● **INFORMATION**:
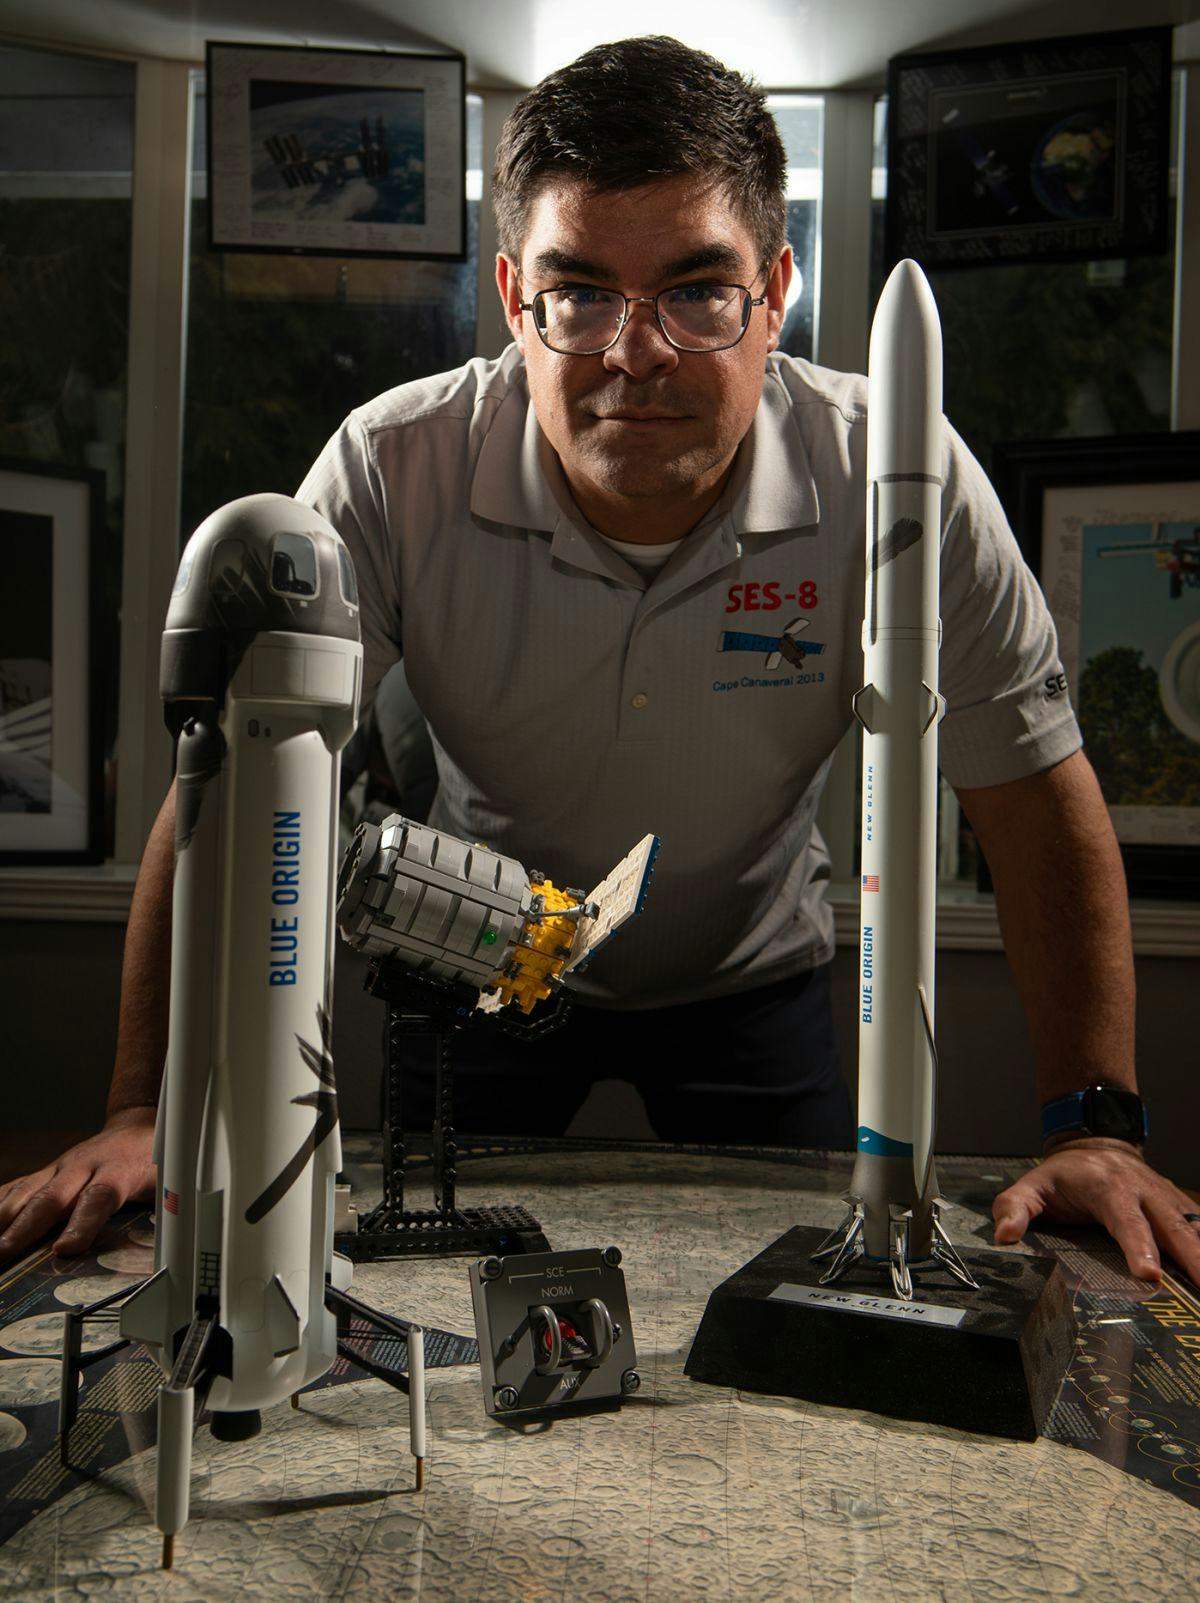 Portrait of Jonathan Matos with model rockets
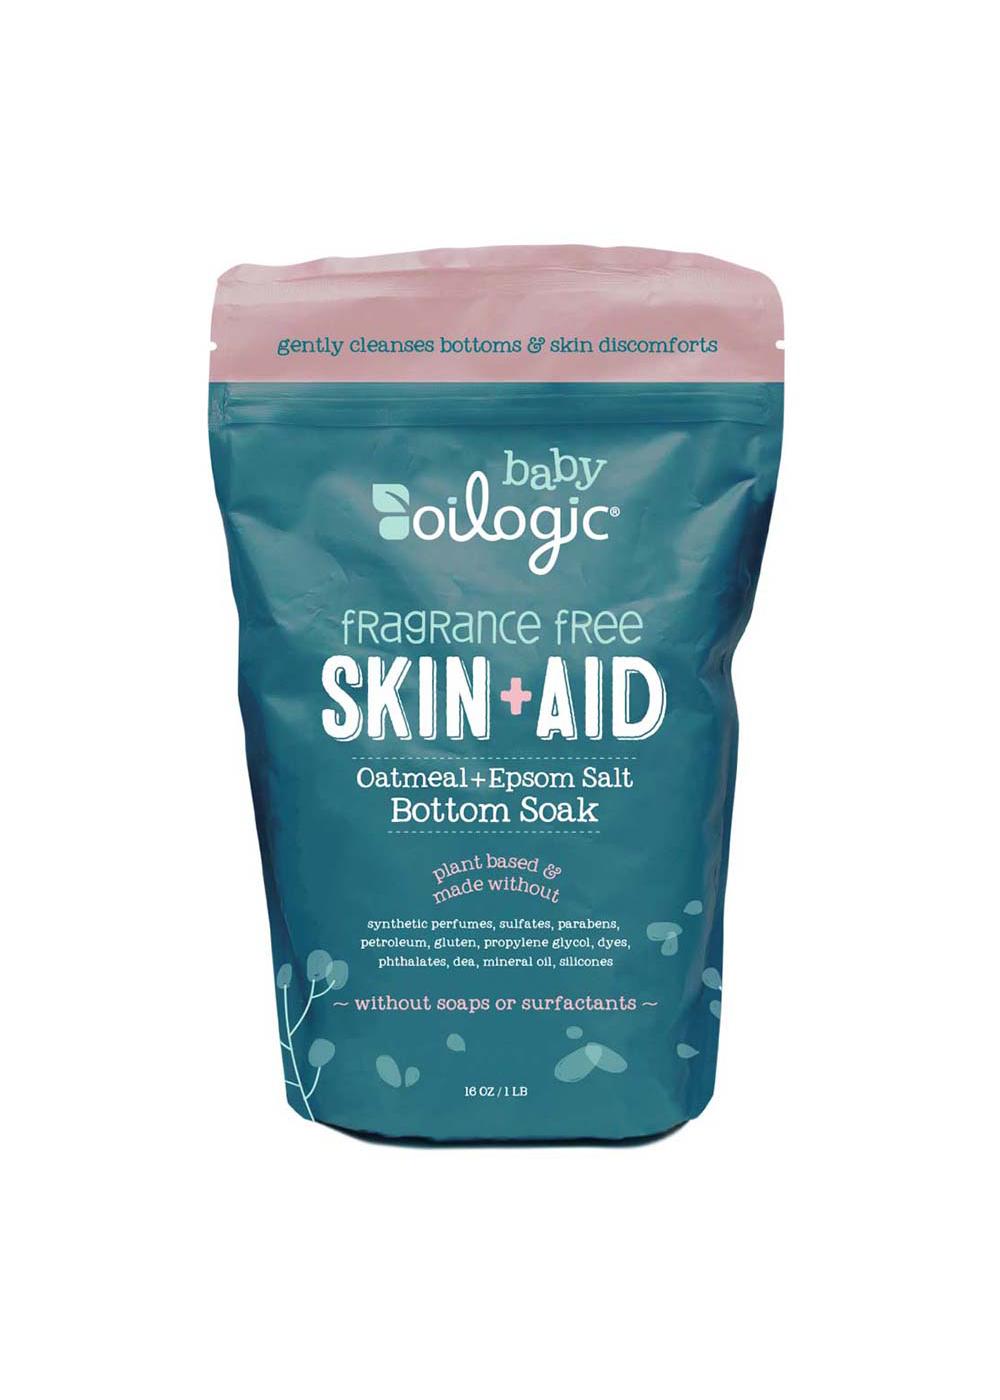 Oilogic Baby Skin + Aid Bottom Soak - Fragrance Free; image 1 of 2
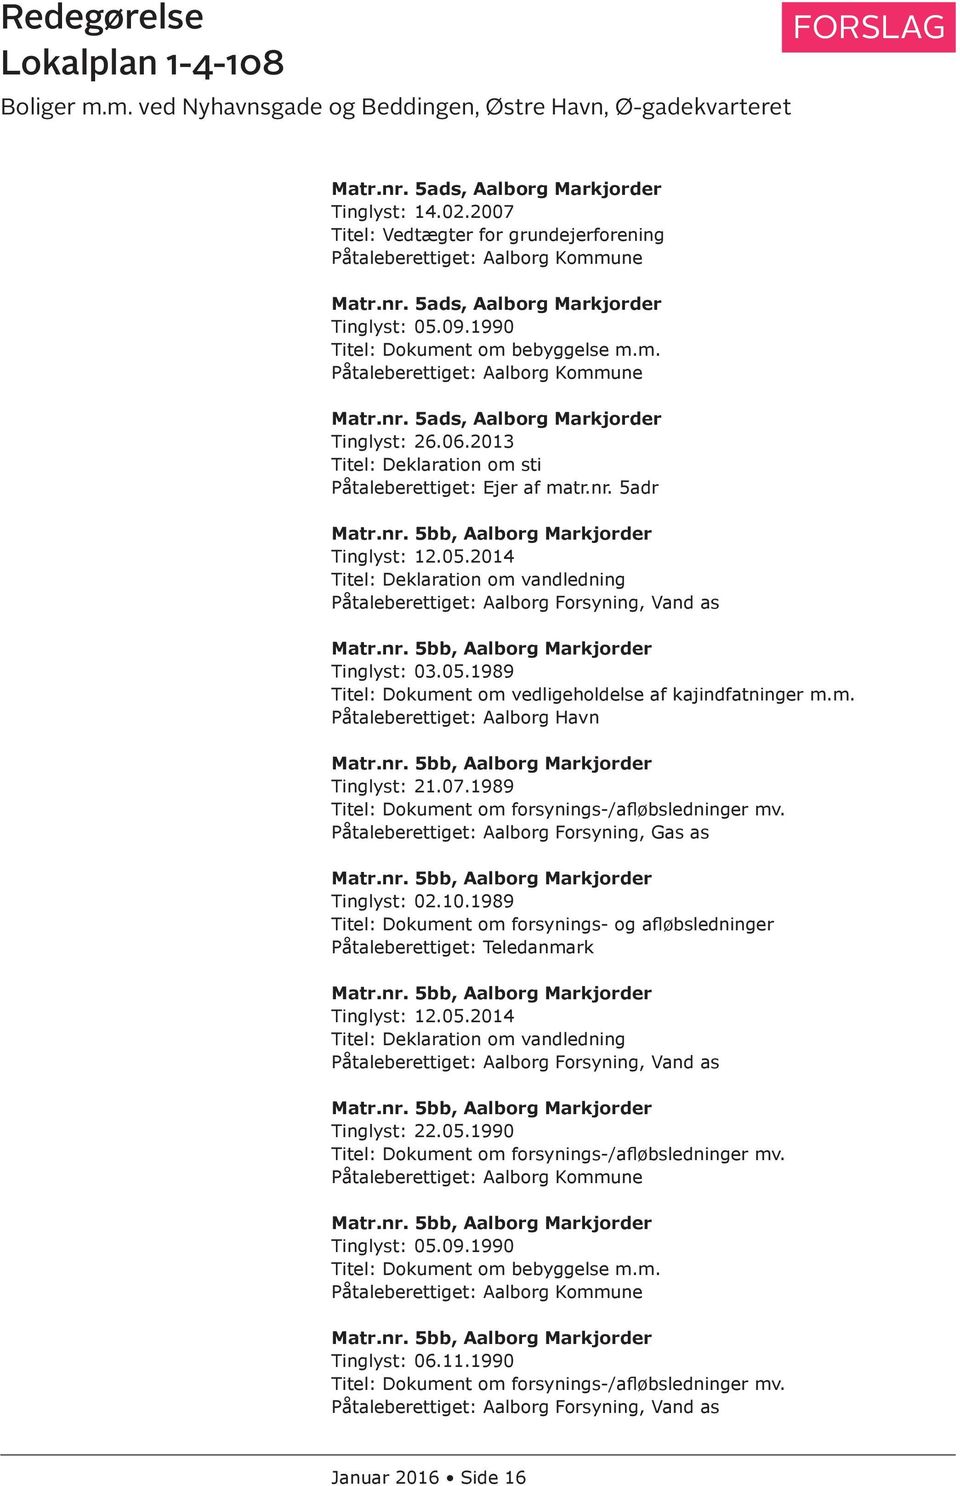 nr. 5bb, Aalborg Markjorder Tinglyst: 12.05.2014 Titel: Deklaration om vandledning Påtaleberettiget: Aalborg Forsyning, Vand as Matr.nr. 5bb, Aalborg Markjorder Tinglyst: 03.05.1989 Titel: Dokument om vedligeholdelse af kajindfatninger m.
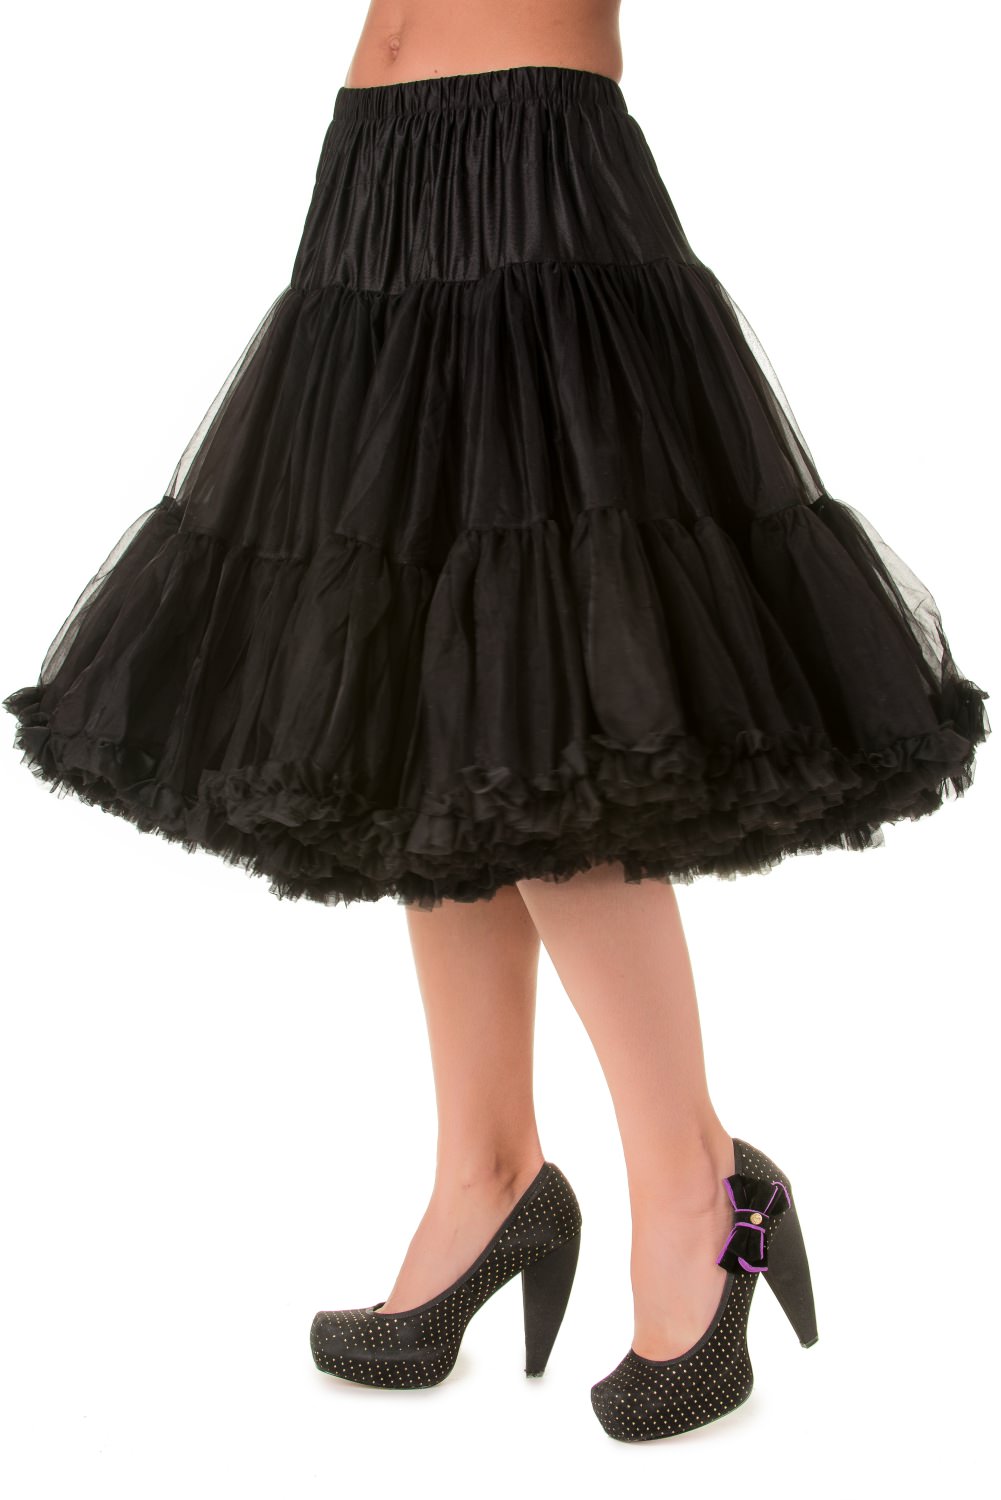 Banned Retro 50s Lizzy Lifeforms Black Petticoat
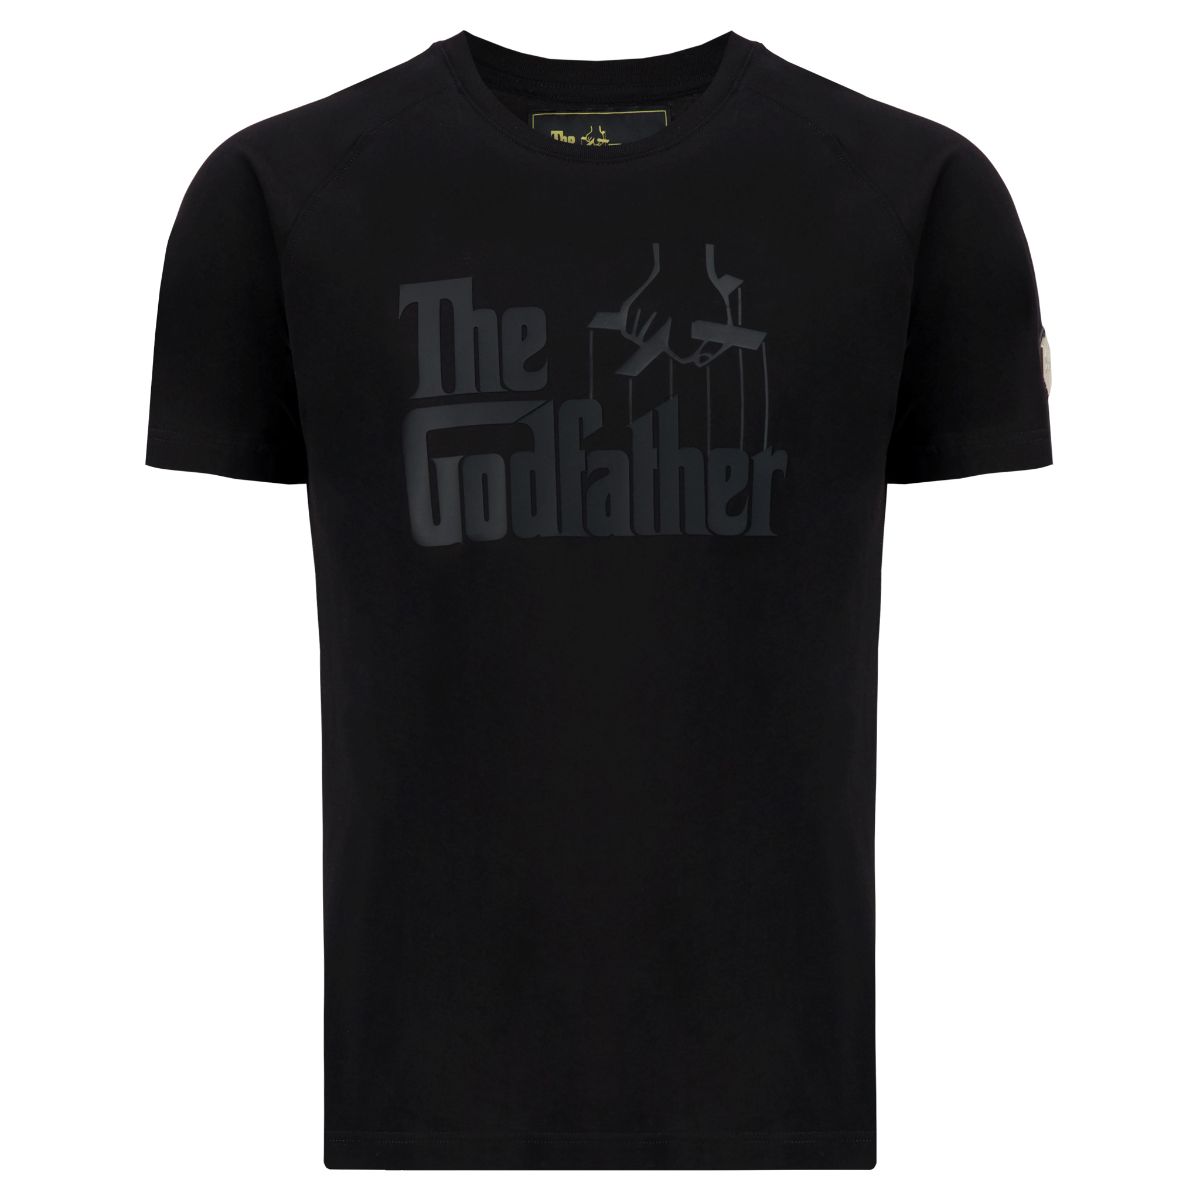 Gotstyle Fashion - Christopher Bates T-Shirts The Godfather T-Shirt - Black/Black
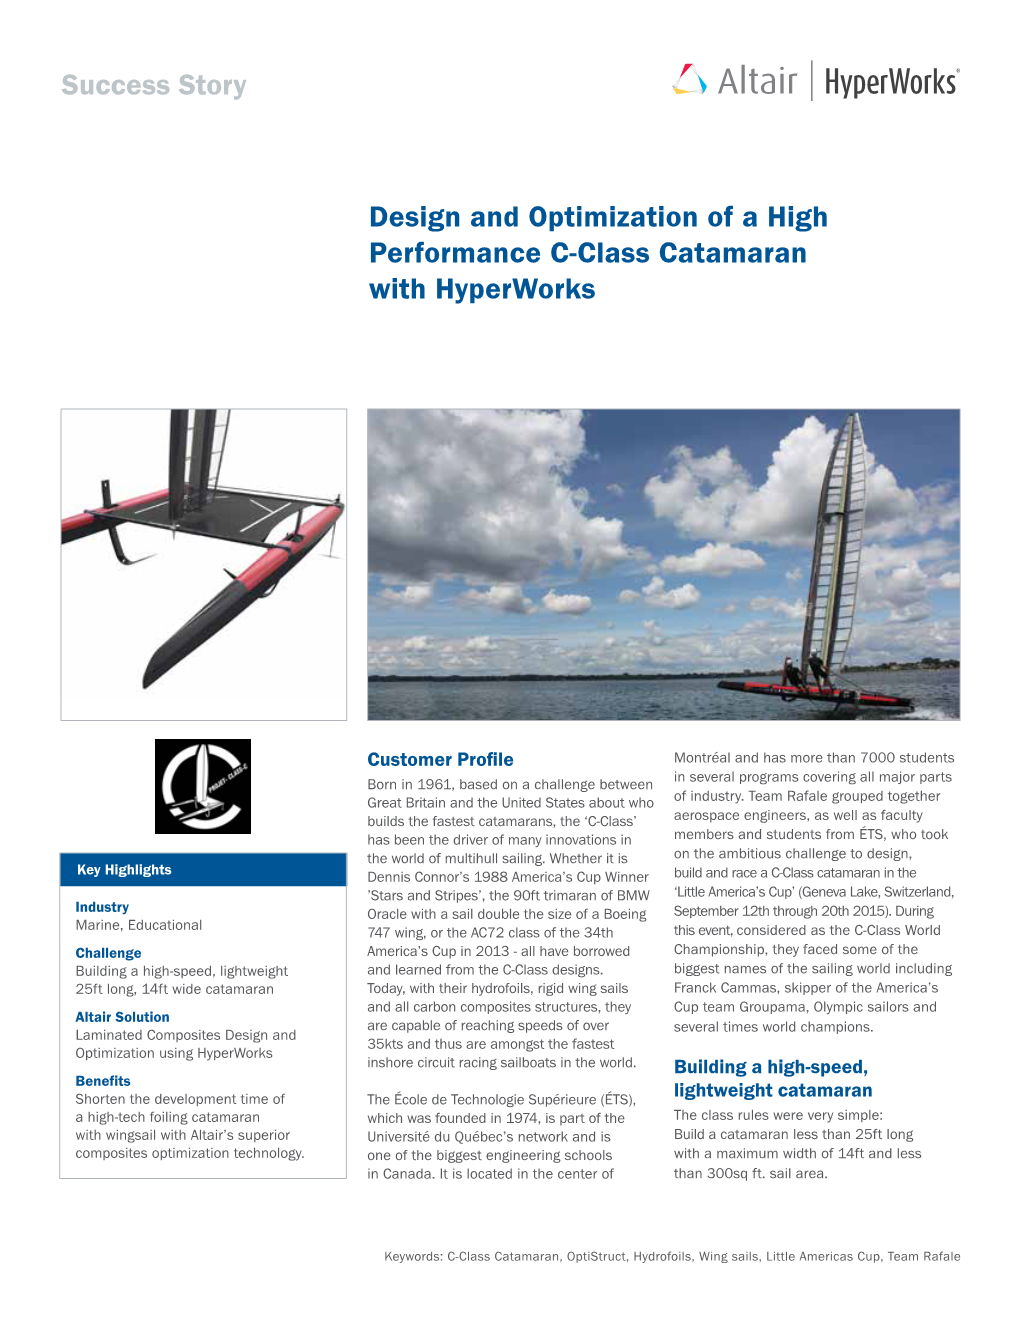 Design and Optimization of a High Performance C-Class Catamaran with Hyperworks Success Story

● **PROBLEM**: Please repeat, exactly as written, only the lines from the line with "Oilogic Baby Skin" to the end of the data, leaving out every picture.

● **FINISHED EXERCISE**:
 Oilogic Baby Skin + Aid Bottom Soak - Fragrance Free; image 1 of 2
 nr. 5bb, Aalborg Markjorder Tinglyst: 12.05.2014 Titel: Deklaration om vandledning Påtaleberettiget: Aalborg Forsyning, Vand as Matr.nr. 5bb, Aalborg Markjorder Tinglyst: 03.05.1989 Titel: Dokument om vedligeholdelse af kajindfatninger m.
 Banned Retro 50s Lizzy Lifeforms Black Petticoat
 Gotstyle Fashion - Christopher Bates T-Shirts The Godfather T-Shirt - Black/Black
 Design and Optimization of a High Performance C-Class Catamaran with Hyperworks Success Story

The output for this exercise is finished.